Software Backend Engineering
Use this skill to design, implement, and review production-grade backend services: API boundaries, data layer, auth, caching, observability, error handling, testing, and deployment.
Defaults to bias toward: type-safe boundaries (validation at the edge), OpenTelemetry for observability, zero-trust assumptions, idempotency for retries, RFC 9457 errors, Postgres + pooling, structured logs, timeouts, and rate limiting.
Quick Reference
| Task | Default Picks | Notes |
|---|---|---|
| REST API | Fastify / Express / NestJS | Prefer typed boundaries + explicit timeouts |
| Edge API | Hono / platform-native handlers | Keep work stateless, CPU-light |
| Type-Safe API | tRPC | Prefer for TS monorepos and internal APIs |
| GraphQL API | Apollo Server / Pothos | Prefer for complex client-driven queries |
| Database | PostgreSQL | Use pooling + migrations + query budgets |
| ORM / Query Layer | Prisma / Drizzle / SQLAlchemy / GORM / SeaORM | Prefer explicit transactions |
| Authentication | OIDC/OAuth + sessions/JWT | Prefer httpOnly cookies for browsers |
| Validation | Zod / Pydantic / validator libs | Validate at the boundary, not deep inside |
| Caching | Redis (or managed) | Use TTLs + invalidation strategy |
| Background Jobs | BullMQ / platform queues | Make jobs idempotent + retry-safe |
| Testing | Unit + integration + contract/E2E | Keep most tests below the UI layer |
| Observability | Structured logs + OpenTelemetry | Correlation IDs end-to-end |
Scope
Use this skill to:
- Design and implement REST/GraphQL/tRPC APIs
- Model data schemas and run safe migrations
- Implement authentication/authorization (OIDC/OAuth, sessions/JWT)
- Add validation, error handling, rate limiting, caching, and background jobs
- Ship production readiness (timeouts, observability, deploy/runbooks)

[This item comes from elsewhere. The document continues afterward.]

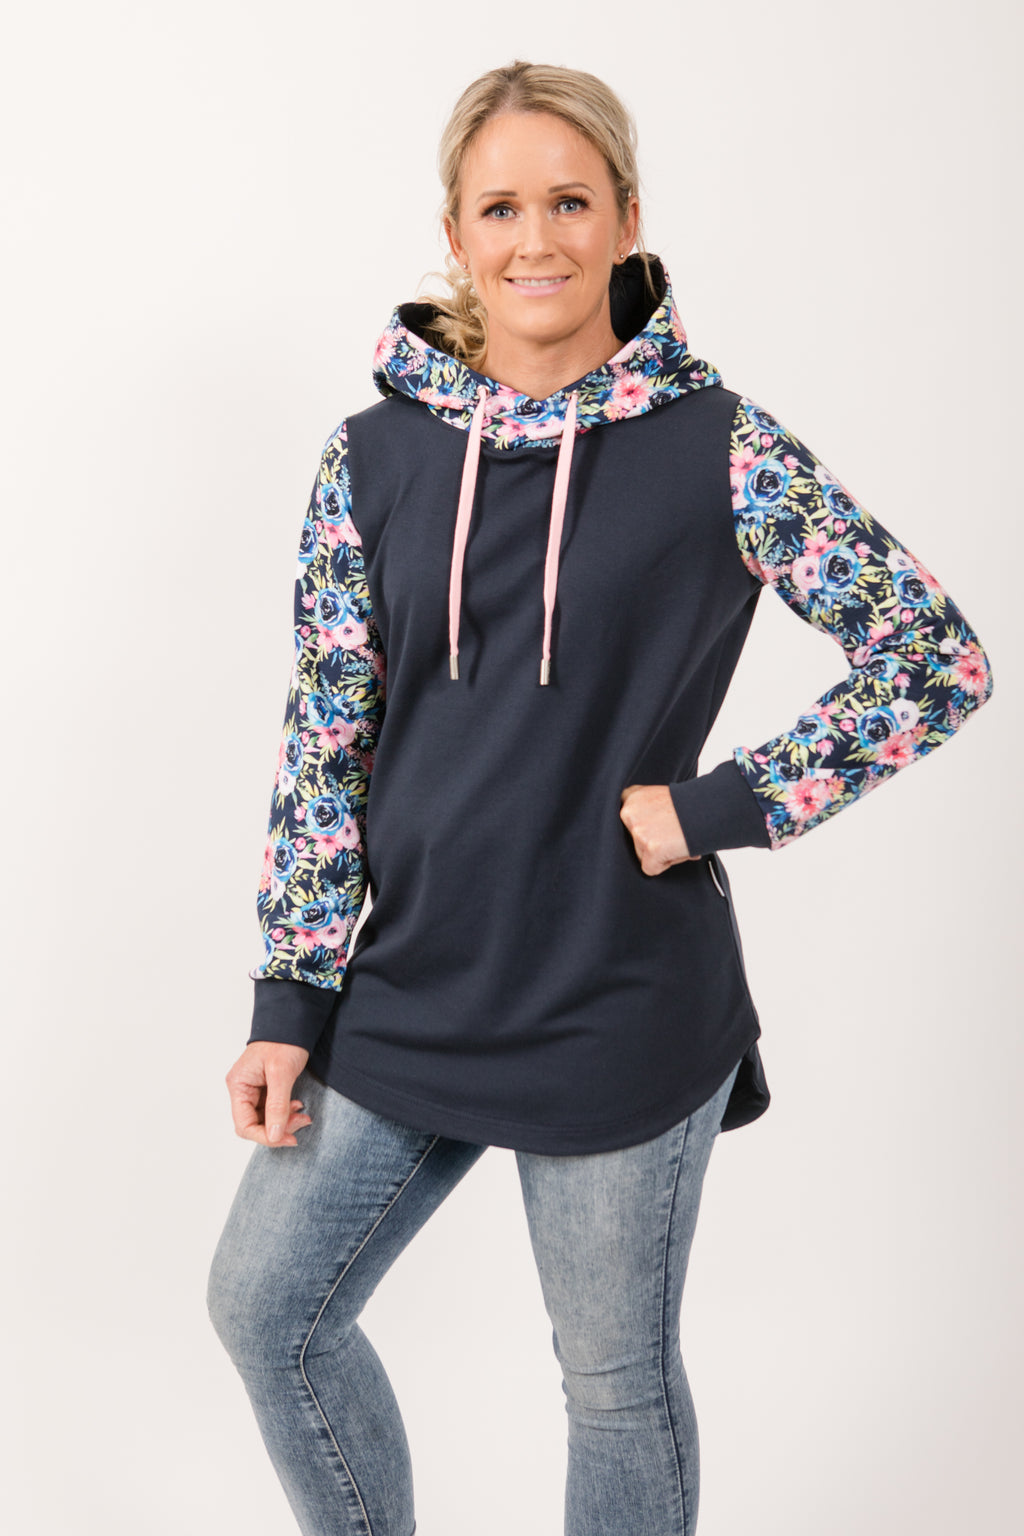 Weekender hoodie - grey/floral – Hazel May NZ

When NOT to Use This Skill
Use a different skill when:
- Frontend-only concerns -> See software-frontend
- Infrastructure provisioning (Terraform, K8s manifests) -> See ops-devops-platform
- API design patterns only (no implementation) -> See dev-api-design
- SQL query optimization and indexing -> See data-sql-optimization
- Security audits and threat modeling -> See software-security-appsec
- System architecture (beyond single service) -> See software-architecture-design
Decision Tree: Backend Technology Selection
Backend project needs: [API Type] - REST API? - Simple CRUD -> Express/Fastify + Prisma/Drizzle - Enterprise features -> NestJS (DI, modules) - High performance -> Fastify (tight request lifecycle) - Edge/Serverless -> Hono (Cloudflare Workers, Vercel Edge) - Type-Safe API? - Full-stack TypeScript monorepo -> tRPC (no schema, no codegen) - Public API with docs -> REST + OpenAPI - Flexible data fetching -> GraphQL + Pothos/Apollo - GraphQL API? - Code-first -> Pothos GraphQL (TypeScript) - Schema-first -> Apollo Server + GraphQL Codegen - Runtime Selection? - Enterprise stable -> Node.js (current LTS) - Performance-critical -> Bun (verify runtime constraints) - Security-focused -> Deno (verify platform support) - Authentication Strategy? - Browser sessions -> httpOnly cookies + server-side session store - OAuth/Social -> OIDC/OAuth library (or platform auth) - Service-to-service -> short-lived JWT + mTLS where possible - Database Layer? - Type-safe ORM -> Prisma (migrations, Studio) - SQL-first/perf -> Drizzle (SQL-like API) - Raw SQL -> driver + query builder (Kysely/sqlc/SQLx) - Edge-compatible -> driver/ORM + Neon/Turso/D1 - Caching Strategy? - Distributed cache -> Redis (multi-server) - Serverless cache -> managed Redis (e.g., Upstash) - In-memory cache -> process memory (single instance only) - Edge Deployment? - Global low-latency -> Cloudflare Workers - Next.js integration -> Vercel Edge Functions - AWS ecosystem -> Lambda@Edge - Background Jobs? - Complex workflows -> BullMQ (Redis-backed, retries) - Serverless workflows -> AWS Step Functions - Simple scheduling -> cron + durable storage
Runtime & Language Alternatives:
- Node.js (current LTS) (Express/Fastify/NestJS + Prisma/Drizzle): default for broad ecosystem + mature tooling
- Bun (Hono/Elysia + Drizzle): consider for perf-sensitive workloads (verify runtime constraints)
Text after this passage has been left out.